Vor Ort stellte sich heraus, dass es in der Firma tatsächlich zu einem Zwischenfall an einem Härteofen gekommen war. „Durch einen technischen Defekt war Ölnebel im Auslassbereich des Ofens in Brand geraten“, erklärt Sommer. Dieses Mal sei es den Mitarbeitern allerdings gelungen, den Brand zu löschen, bevor er sich weiter ausbreiten konnte. Das Feuer war schon aus, als die Wehrkräfte eintrafen, sodass diesmal keine Maßnahmen zur Brandbekämpfung eingeleitet werden mussten.

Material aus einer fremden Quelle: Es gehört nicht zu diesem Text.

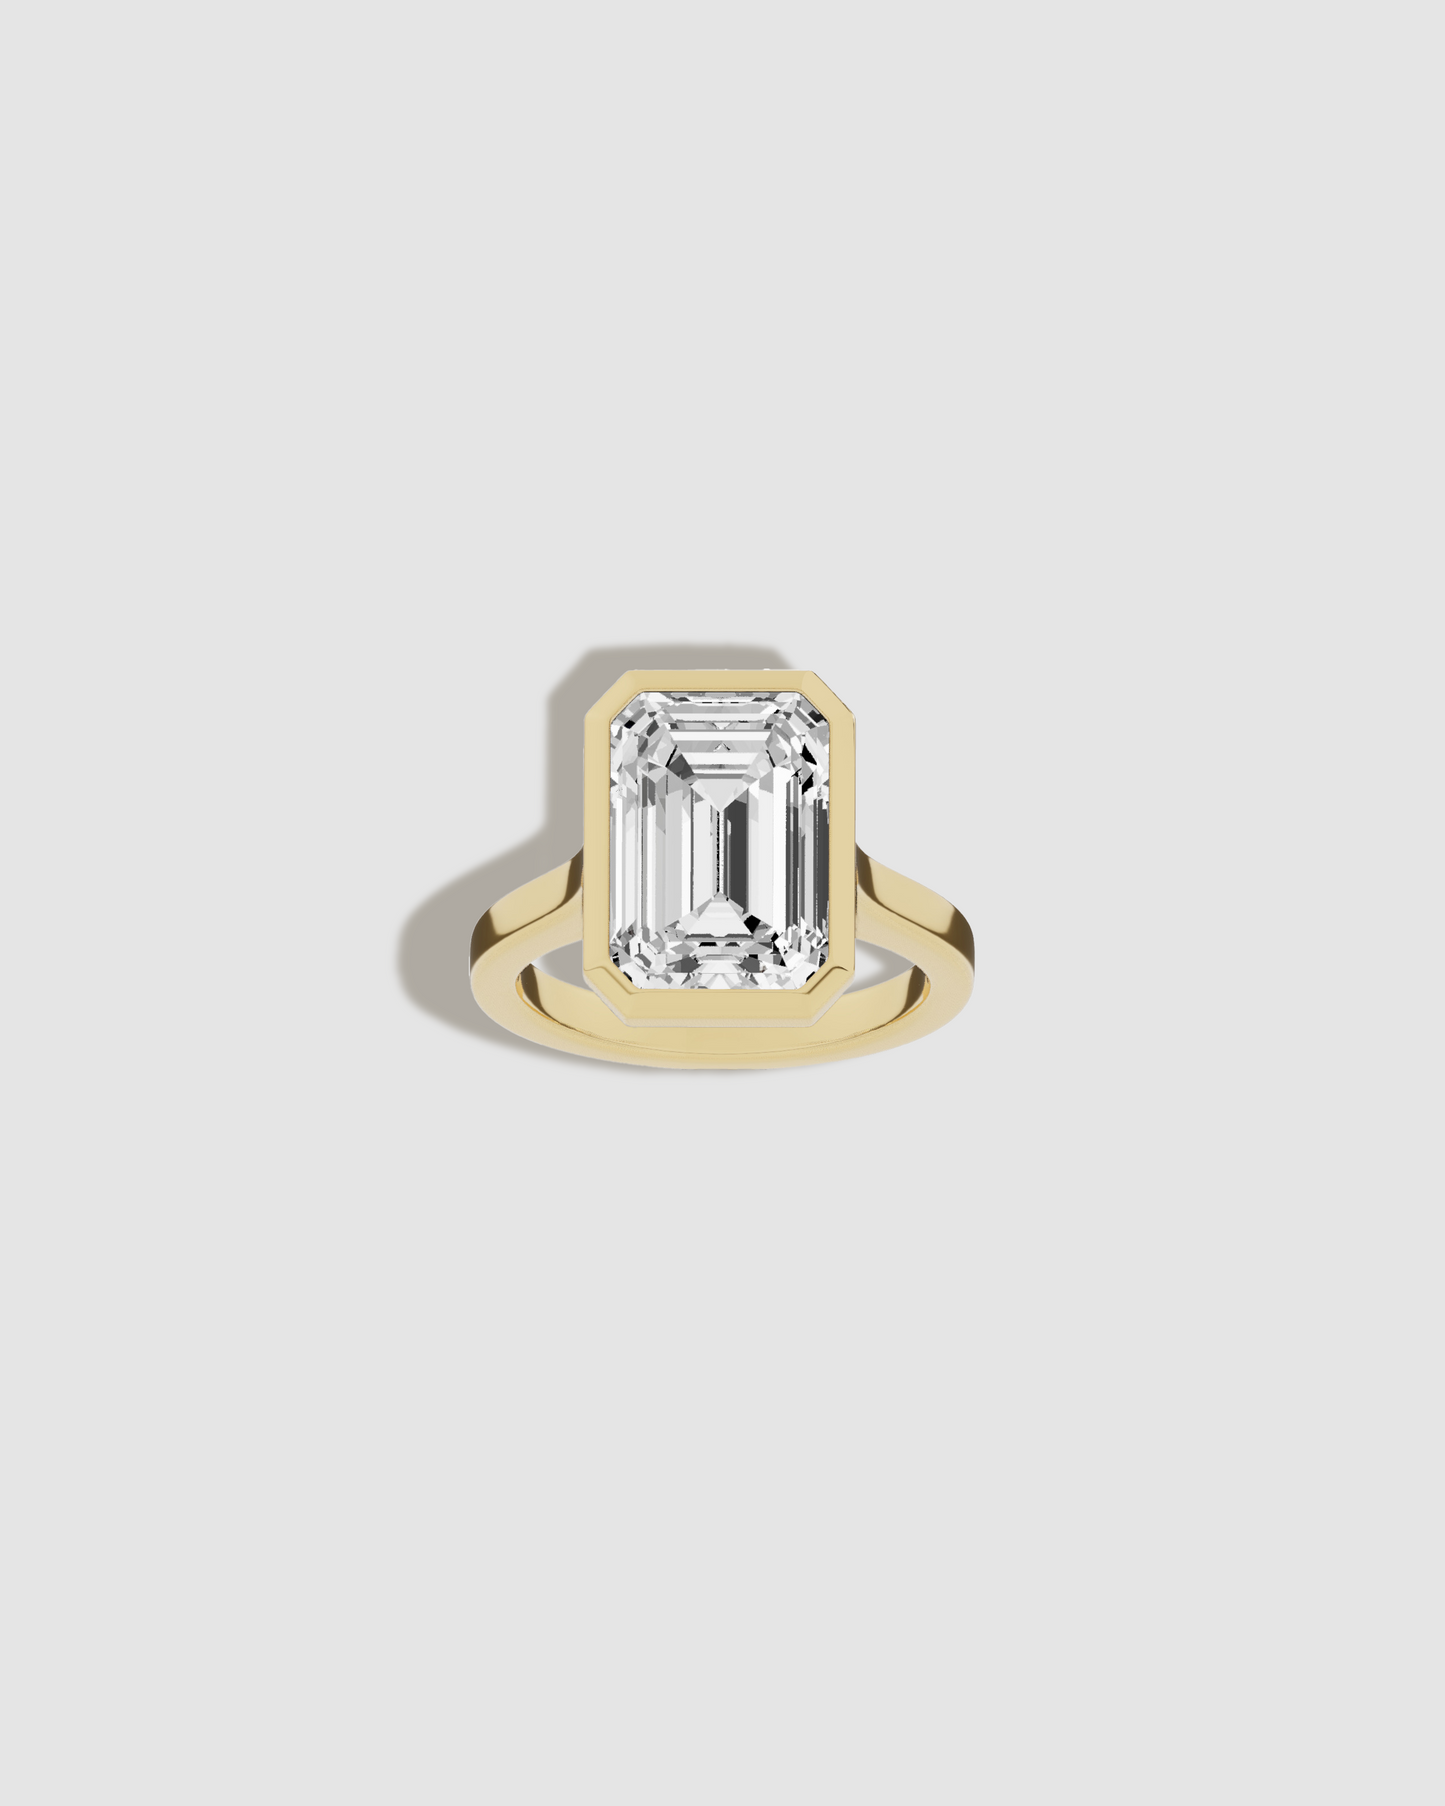 Square shaped diamond on gold band

Das bestätigte am Donnerstagmorgen auch Geschäftsführer Ulrich Kirchhoff: Ein Mitarbeiter habe den Brand sofort mit einem CO2-Löscher ersticken können. „Es ist kein Schaden entstanden“, sagte Kirchhoff. Zur Sicherheit hatte man dennoch sofort die Feuerwehr alarmiert, um einen Vorfall wie im Juli unbedingt zu vermeiden. Der Notruf sollte sich auch als richtig herausstellen, denn die Feuerwehr konnte nicht ausschließen, dass es zu einer Rückzündung am Ofen kommt, durch die der Brand wieder angefacht worden wäre, berichtet Sommer. „Wir haben den Ofen daher vorübergehend abgeschaltet und den heißen Auslassbereich mit CO2 heruntergekühlt.“ Die Kameraden waren etwa zweieinhalb Stunden vor Ort. Bevor die Einsatzstelle dem Firmeninhaber wieder übergeben werden konnte, wurde die Halle noch gelüftet, um sie vom Brandrauch zu befreien.

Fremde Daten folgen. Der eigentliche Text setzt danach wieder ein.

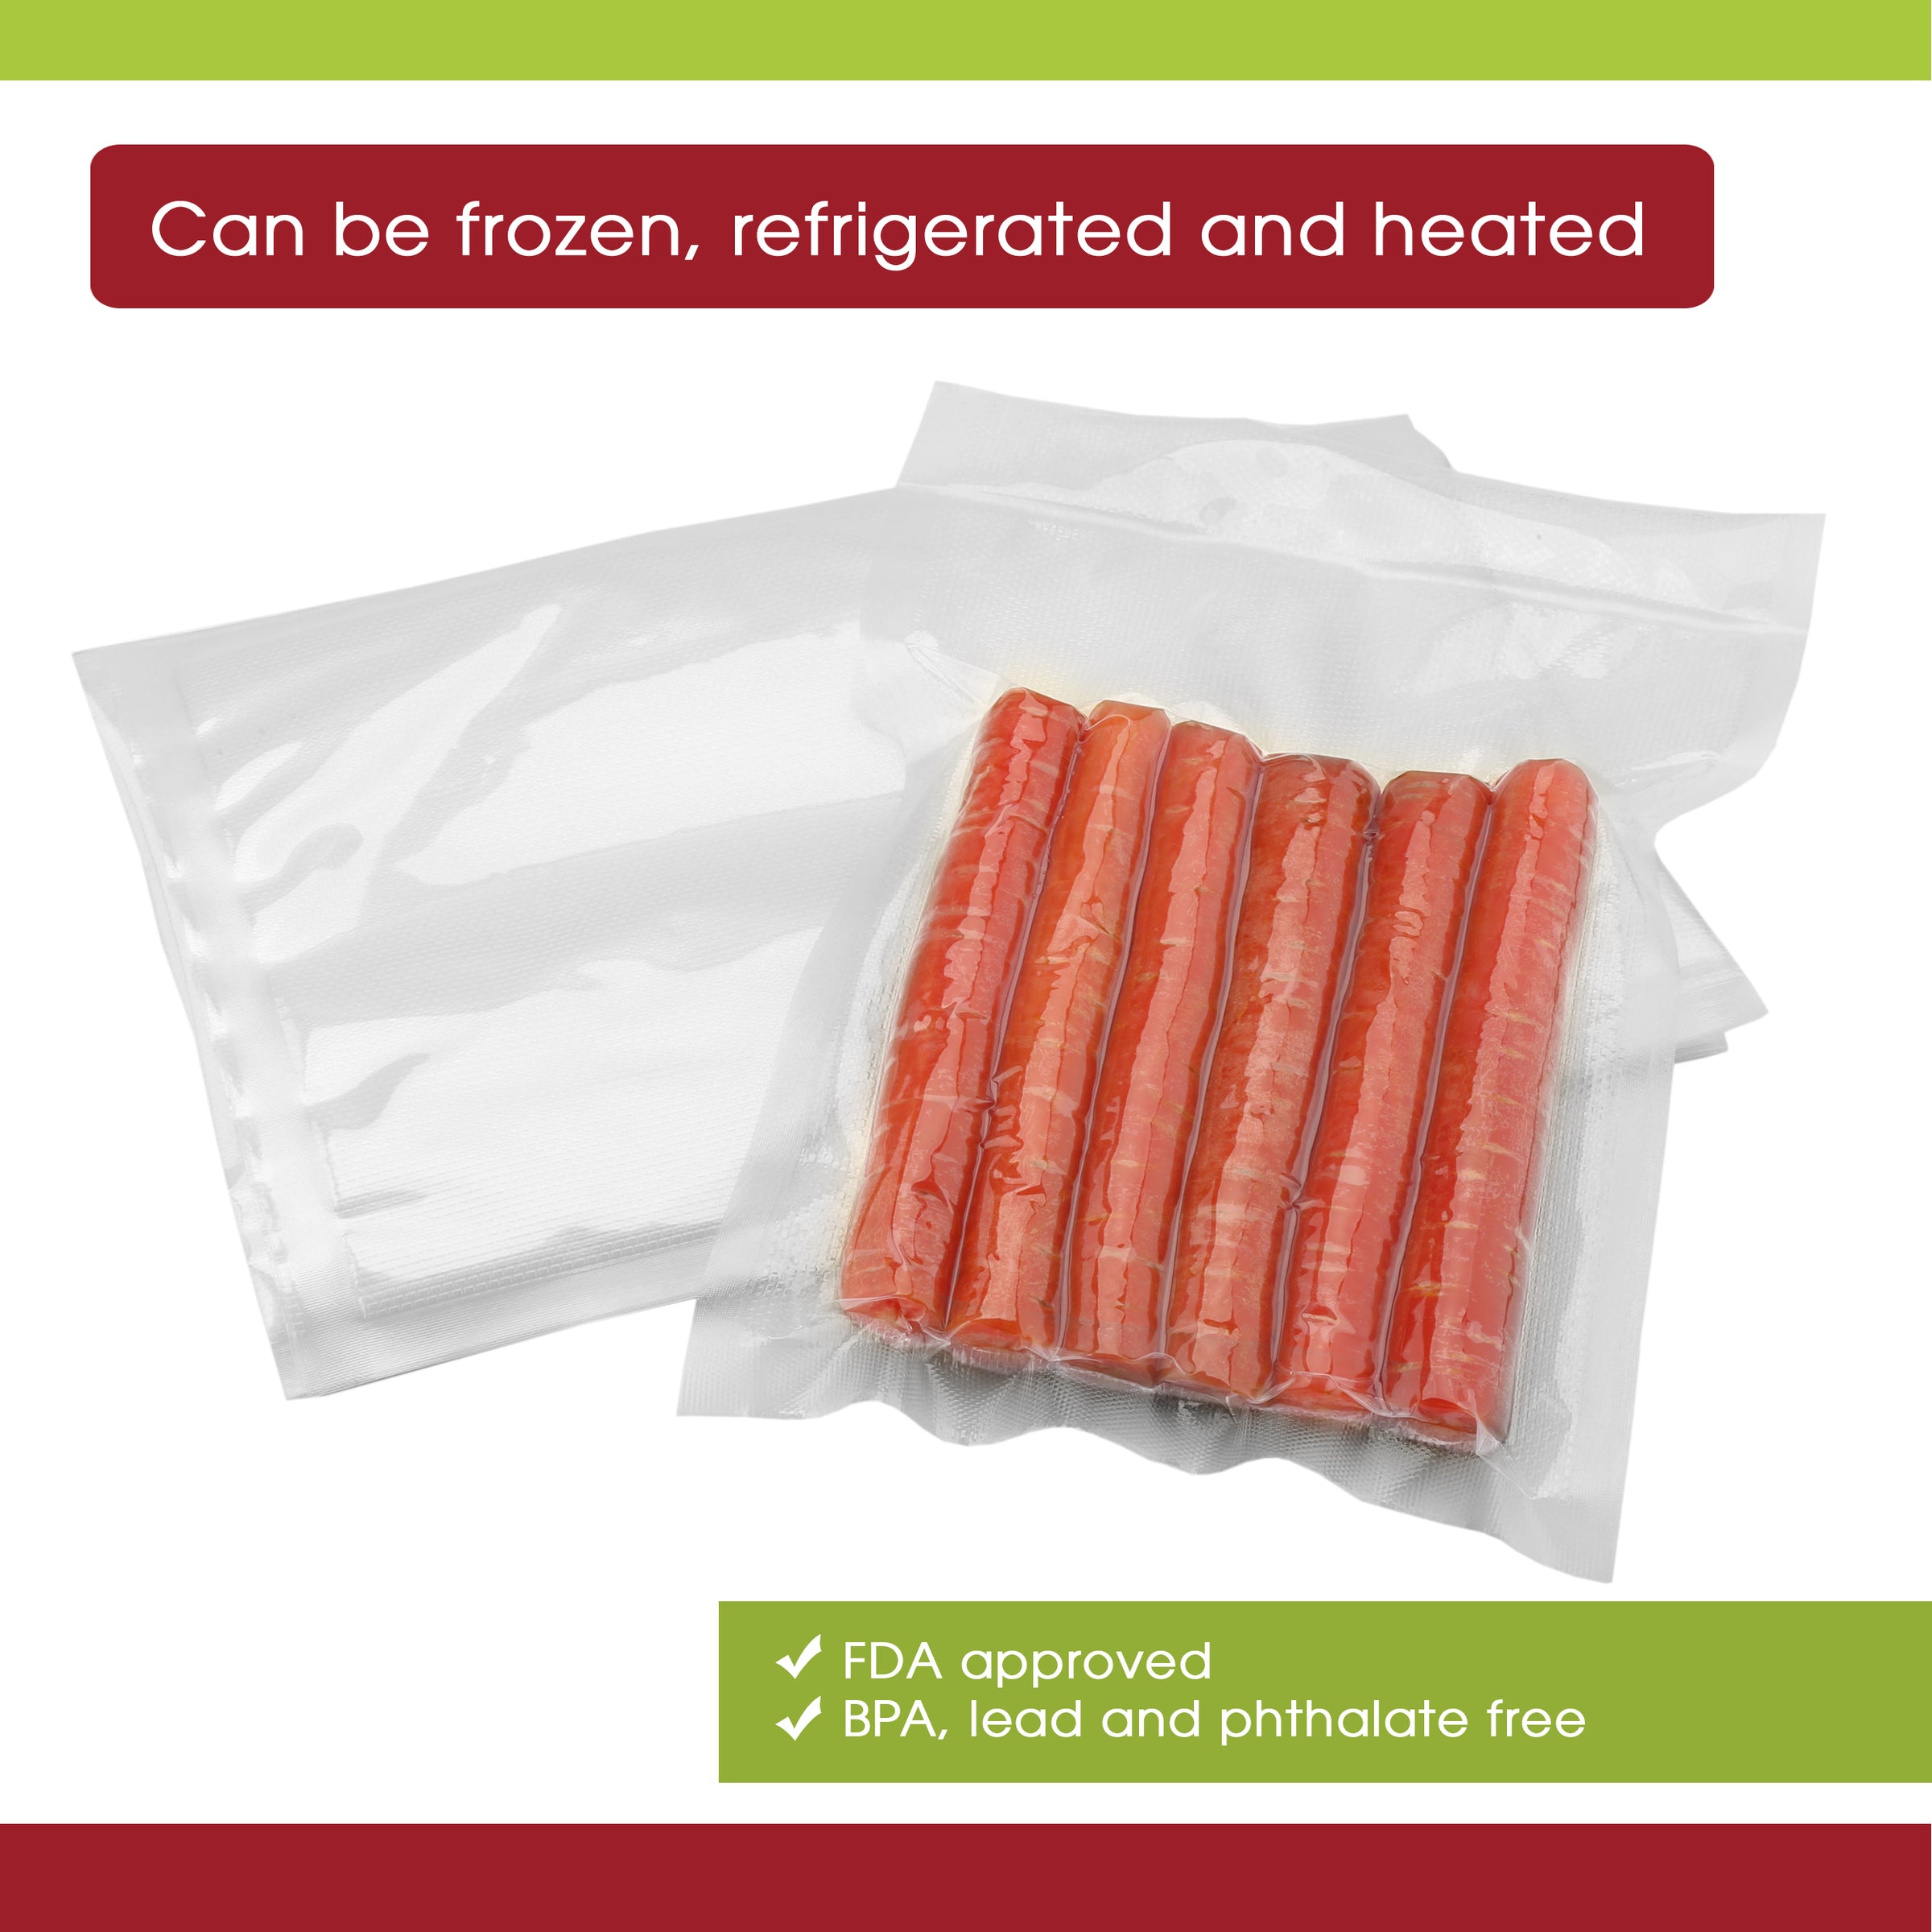 100-8x12 Bags Food Magic Seal for Vacuum Sealer Food Storage bags! Great Size: 8 in

In Härtereien kommt es öfter zu kleineren Bränden, denn beim Härten von Stahl werden die Werkstücke auf Temperaturen von bis zu 900 Grad Celsius erhitzt und zum Abkühlen in Ölbäder getaucht. Dieser Vorgang beinhaltet zahlreiche Brandrisiken.

Nach dem Großbrand in der Nacht zum 24. Juli, bei dem Sachschaden in annähernd siebenstelliger Höhe entstanden und eine Produktionshalle weitgehend zerstört worden war, sind bei der Firma Kirchhoff die Planungen für einen Wiederaufbau nach Worten des Geschäftsführers „in vollem Gange“. Ob die abgebrannte Halle tatsächlich komplett neu gebaut werden muss, oder ob sie zumindest in Teilen erhalten werden kann, sei aber noch nicht endgültig entschieden, sagte Ulrich Kirchhoff.

So oder so werde der Wiederaufbau mehr als ein Jahr dauern, schätzt Ulrich Kirchhoff. Wann die Produktion dort wieder aufgenommen werden könne, sei demnach völlig offen. Immerhin habe das Unternehmen aber eine bisherige Lagerhalle umfunktionieren und dort Produktionsanlagen aufstellen können. So könne ein Teil der Produktion jetzt an diesem Ausweichstandort stattfinden.